NCT00822549 (www.clinicaltrials.gov).
在可能影响阿片类药物药理反应的各种因素中,遗传多态性[单核苷酸多态性(SNP)]引起了一些关注。
研究候选基因中与吗啡药效动力学和药代动力学相关的四个 SNP[阿片受体 mu1(OPRM1)、ATP 结合盒亚家族 B,成员 1(ABCB1)外显子 21 和外显子 26、儿茶酚-O-甲基转移酶(COMT)]对吗啡剂量需求和术后不良事件的影响。
单中心前瞻性研究。
法国巴黎大学医院,2007 年 1 月 2 日至 2011 年 11 月 15 日。
共 438 名白人成年患者,拟在全身麻醉下接受主要矫形手术(脊柱、髋关节和膝关节)。主要排除标准为:慢性疼痛接受阿片类药物治疗、术前 2 天内使用非阿片类药物、怀孕、肾功能不全、睡眠呼吸暂停阻塞综合征、病态肥胖、严重肝损伤、认知功能障碍。
检测血浆中吗啡及其代谢物(吗啡 3-葡糖苷酸和吗啡 6-葡糖苷酸)的浓度,并分析四个候选基因中的常见 SNP[阿片受体 mu1(OPRM1)A118G rs1799971;P 糖蛋白(ABCB1)T3435C(rs1045642)和 G2677T/A(rs2032582);COMT Val 158 Met(rs4680)]。吗啡由 PACU 中的工作人员滴定,病房患者自控静脉镇痛 24 小时。

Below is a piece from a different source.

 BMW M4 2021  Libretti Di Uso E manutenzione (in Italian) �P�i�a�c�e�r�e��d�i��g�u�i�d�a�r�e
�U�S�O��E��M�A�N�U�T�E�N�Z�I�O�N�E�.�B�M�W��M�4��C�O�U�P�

达到疼痛缓解所需的吗啡剂量以及吗啡药效动力学和动力学相关基因中的 SNP 对吗啡剂量需求的影响。次要终点是吗啡、吗啡 6-葡糖苷酸和吗啡 3-葡糖苷酸的浓度、需要解救镇痛的患者比例以及与吗啡相关的不良事件的比例。
共有 404 名患者完成了研究的最终分析。PACU 中达到疼痛缓解所需的吗啡平均剂量为 15.8 ± 8.8mg,患者自控静脉给药时为 22.7 ± 18.6mg。37%的患者出现与吗啡相关的不良事件。任何遗传多态性与吗啡剂量、吗啡 3-葡糖苷酸和吗啡 6-葡糖苷酸浓度、吗啡相关不良事件或疼痛水平之间均无相关性。仅在 PACU 中,P 糖蛋白多态性(外显子 21;外显子 26)与吗啡浓度显著相关,但模型预测效果不佳(R=0.04)。
在术后期间,OPRM1、ABCB1、COMT 的 SNP 与吗啡需求、疼痛水平或不良事件之间未显示出主要关系。
NCT00822549(www.clinicaltrials.gov)。